Phrag Belle Hougue Pointe
Well I was a little late in getting a photo, but as you can see it had 3 flowers, but as it goes with phrags you never know when the next one is going to fall.
This was it's second blooming. The petals on the first flower were about 7 inches long. One of my favorites, I grow it fairly dry for a phrag.


----------



## 17andgrowing (Sep 2, 2014)

Lovely!


----------



## eaborne (Sep 2, 2014)

A beauty!


----------



## NYEric (Sep 2, 2014)

Yay besseae hybrids!


----------



## trdyl (Sep 2, 2014)

Ruth, It is lovely!


----------



## SlipperFan (Sep 2, 2014)

That is a very, *very* nice one!


----------



## Silvan (Sep 2, 2014)

Belle Hougue Point was the first Phrag. I wanted, but never got. Really nice one. Congrats!



Ruth said:


> I grow it fairly dry for a phrag.



Whatever works!!


----------



## abax (Sep 2, 2014)

Beautiful Phrag. with just the right color and presentation of the bloom.


----------



## Phrag-Plus (Sep 3, 2014)

Just gorgeous!


----------



## Clark (Sep 3, 2014)

Nice pop.


----------



## Ozpaph (Sep 3, 2014)

and a lovely photo.


----------



## phrag guy (Sep 3, 2014)

that is a nice one


----------



## Lmpgs (Sep 3, 2014)

Nice bloom, nice plant.


----------



## Erythrone (Sep 3, 2014)

Very nice one!


----------



## eteson (Sep 3, 2014)

All of the above!


----------



## Ruth (Sep 3, 2014)

Thanks for all the nice compliments. I got it from Windy Hill a couple of years ago. I love her plants.


----------



## mrhappyrotter (Sep 3, 2014)

Belle Hogue Point is one of those phrags that can be picky about watering. Some BHPs are more than happy to grow sitting in water at all times, others need to dry out between waterings. 

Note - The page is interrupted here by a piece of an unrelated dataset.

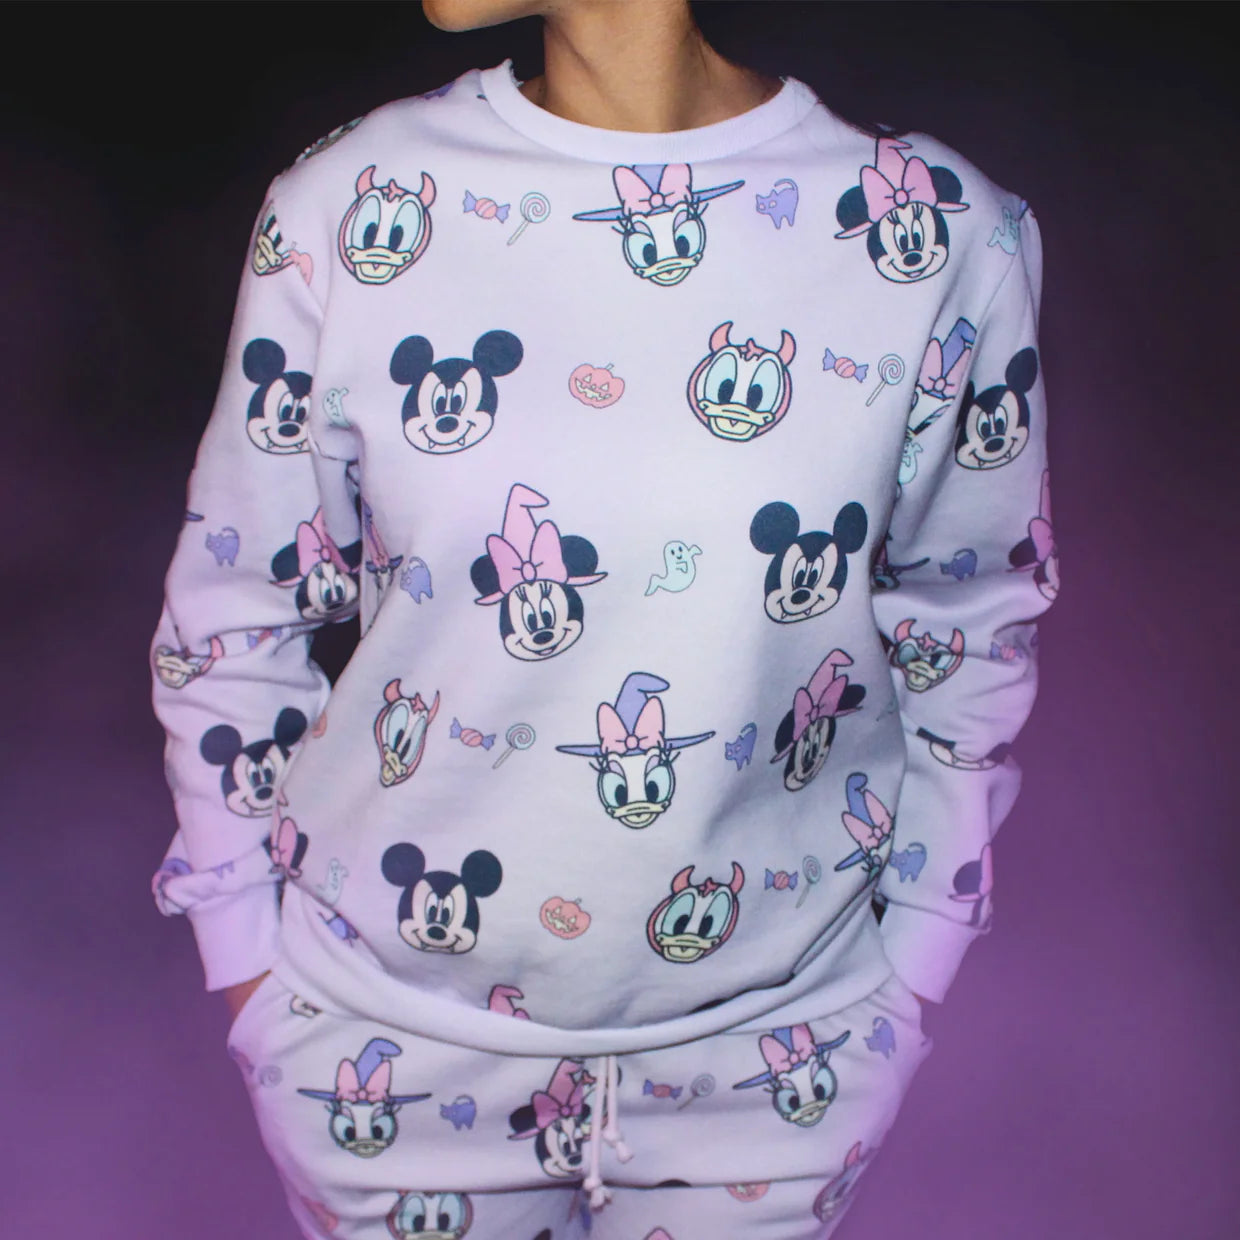 Halloween Mickey and Friends (Disney) Pastel Crew Neck Sweater by Cakeworthy

A number of years ago, a friend of mine and I got a plant each from the same compot. His grew up to be a formidable plant, with AM awarded flowers, that loves sitting in water year round. Mine stayed on the smaller side, with average quality flowers and abhors sitting water, except maybe when it's hot.

All that aside, your plant's flowers are nice. So, congrats.


----------